• _Task statement_: Only some lines are wanted: please transcribe exactly those from the one containing "Paleta de sombra Emerald | Huda Beauty" through the end of the data, pictures excluded.
----- The data -----
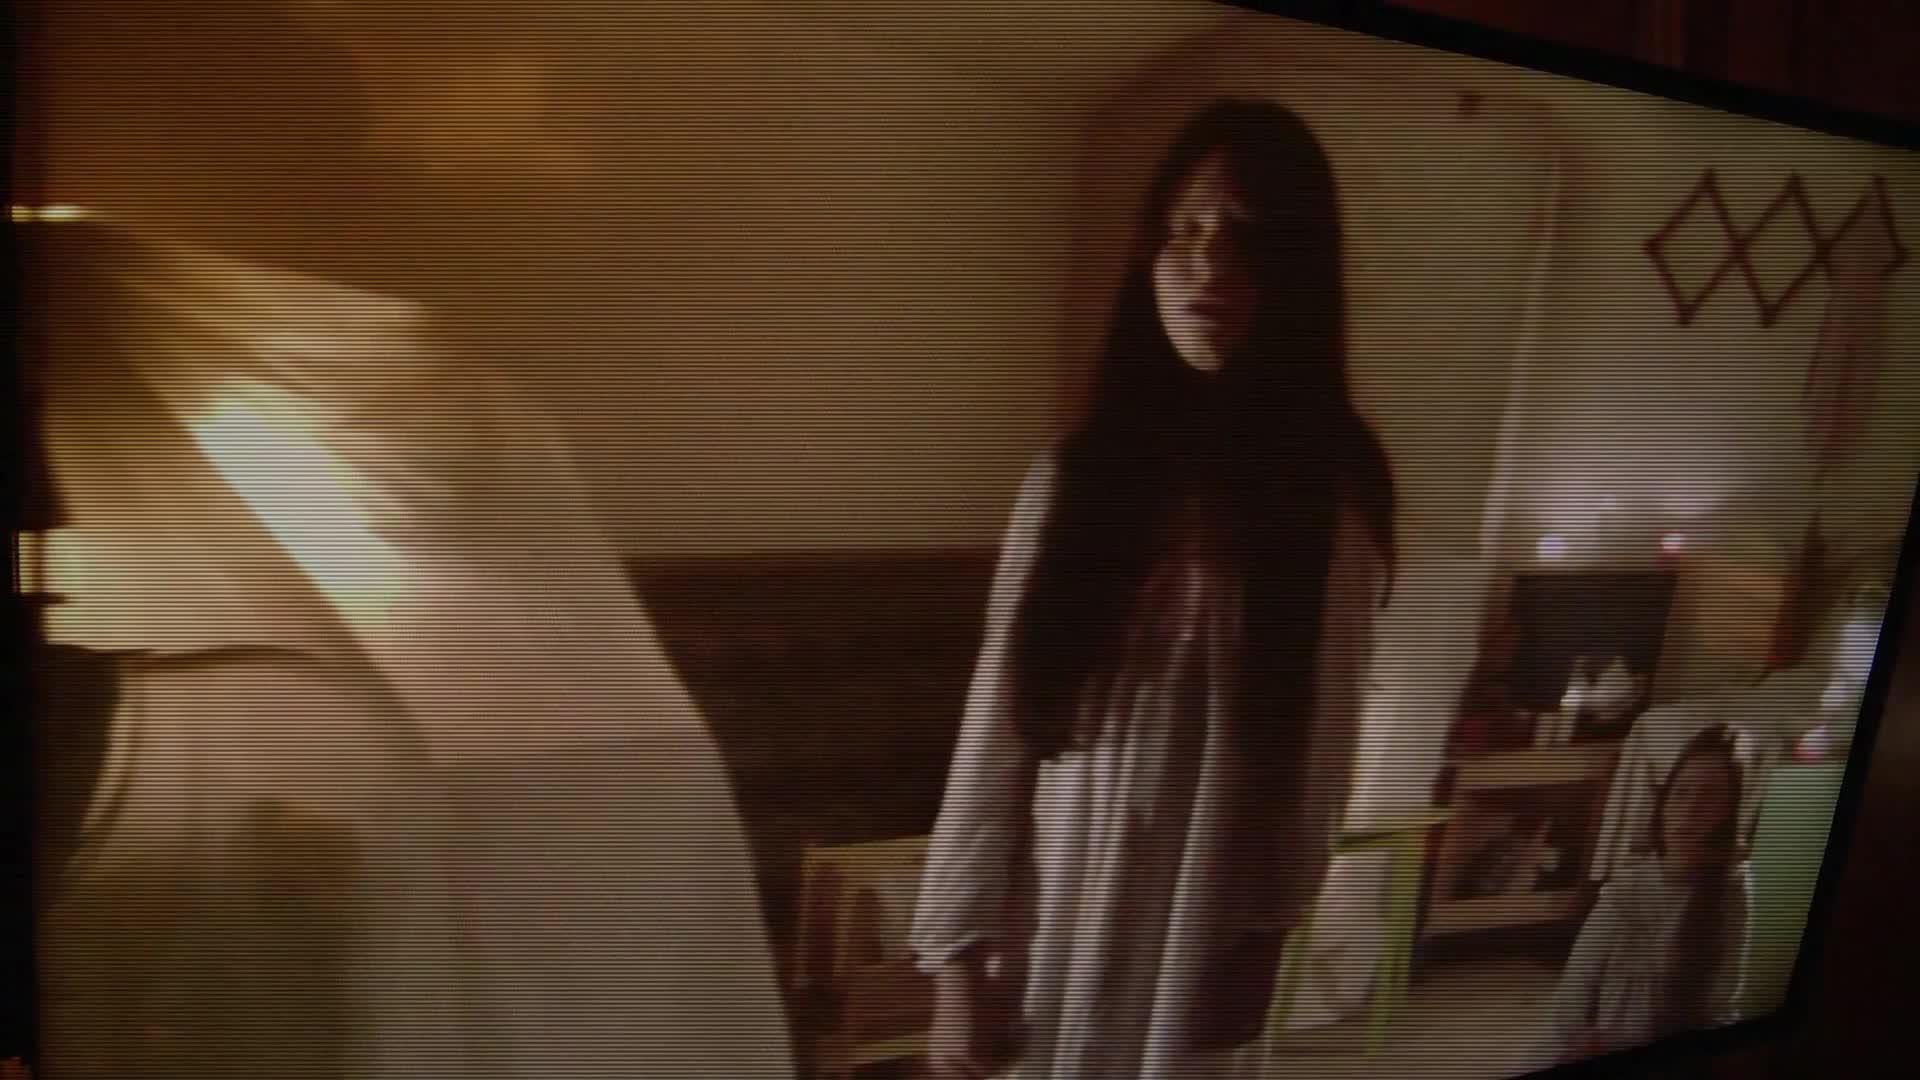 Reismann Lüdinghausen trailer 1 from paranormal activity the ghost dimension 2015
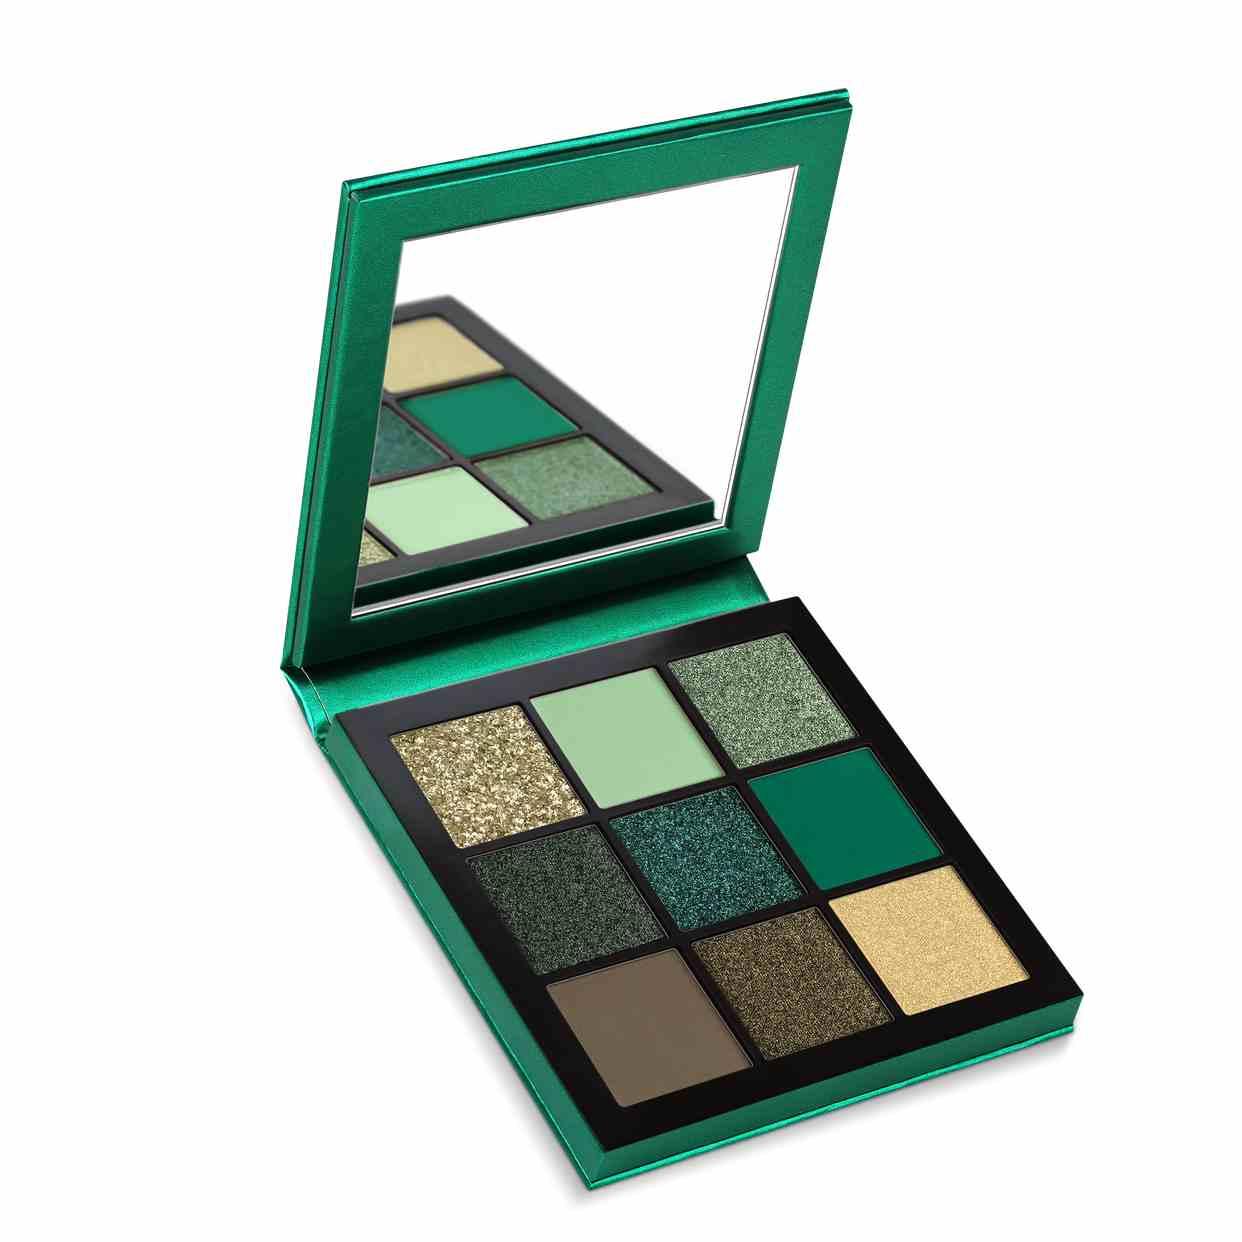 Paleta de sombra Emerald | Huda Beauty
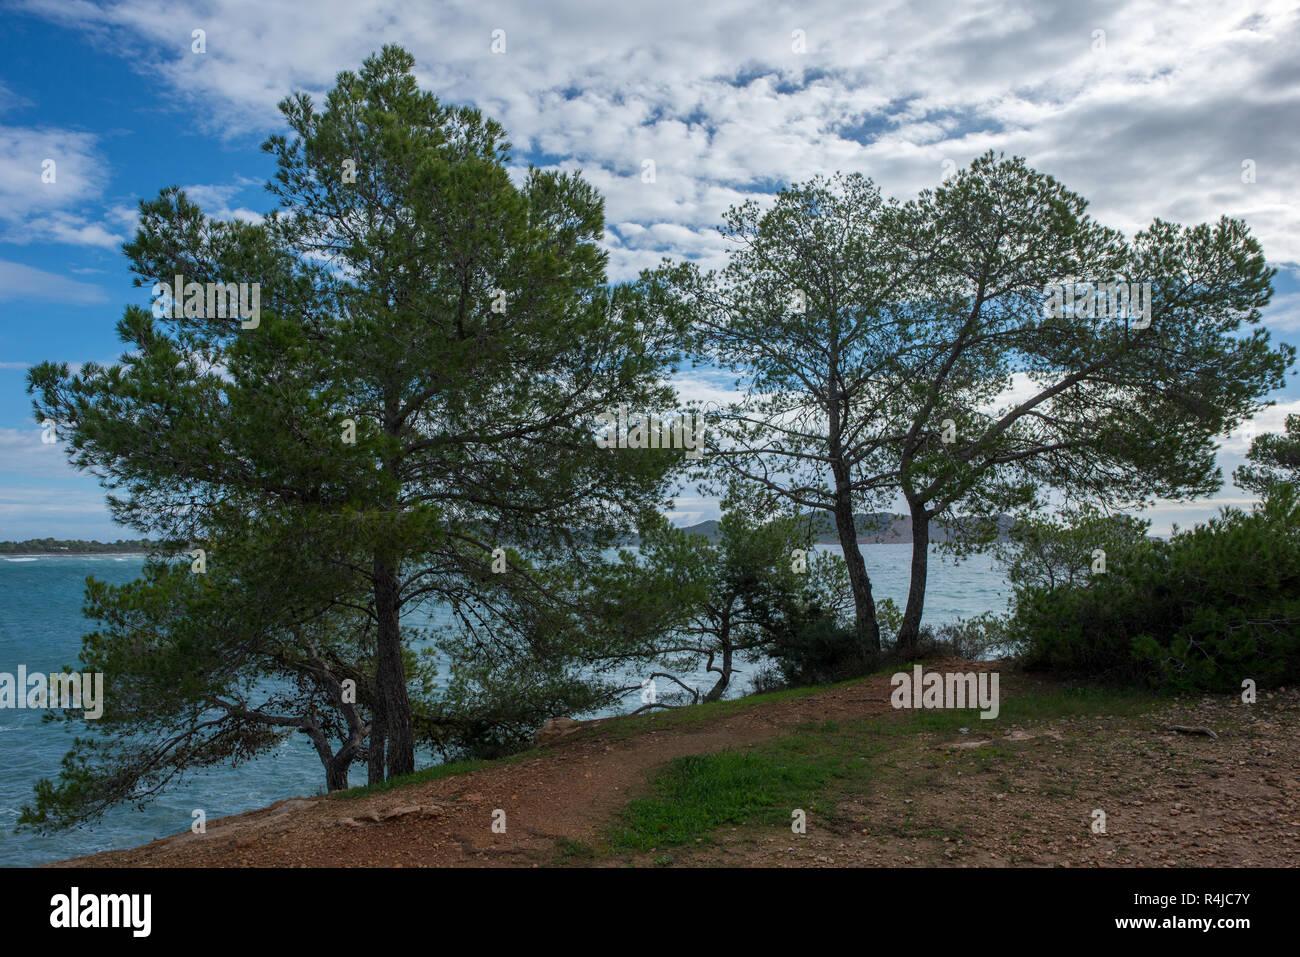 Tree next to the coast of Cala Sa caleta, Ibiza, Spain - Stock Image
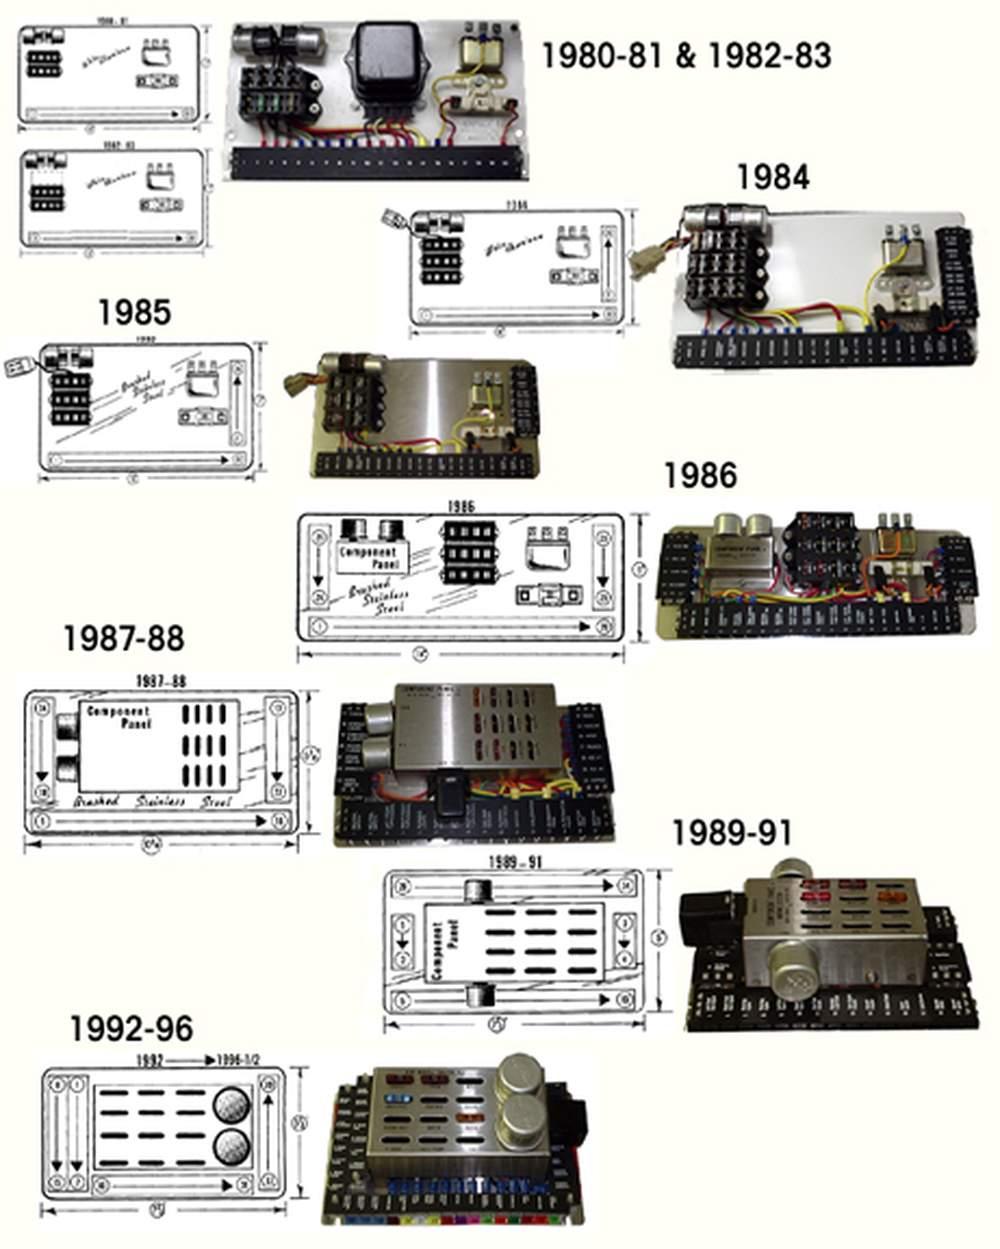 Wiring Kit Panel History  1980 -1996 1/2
-----
• _Output_:
 Paleta de sombra Emerald | Huda Beauty
 Tree next to the coast of Cala Sa caleta, Ibiza, Spain - Stock Image
 Wiring Kit Panel History  1980 -1996 1/2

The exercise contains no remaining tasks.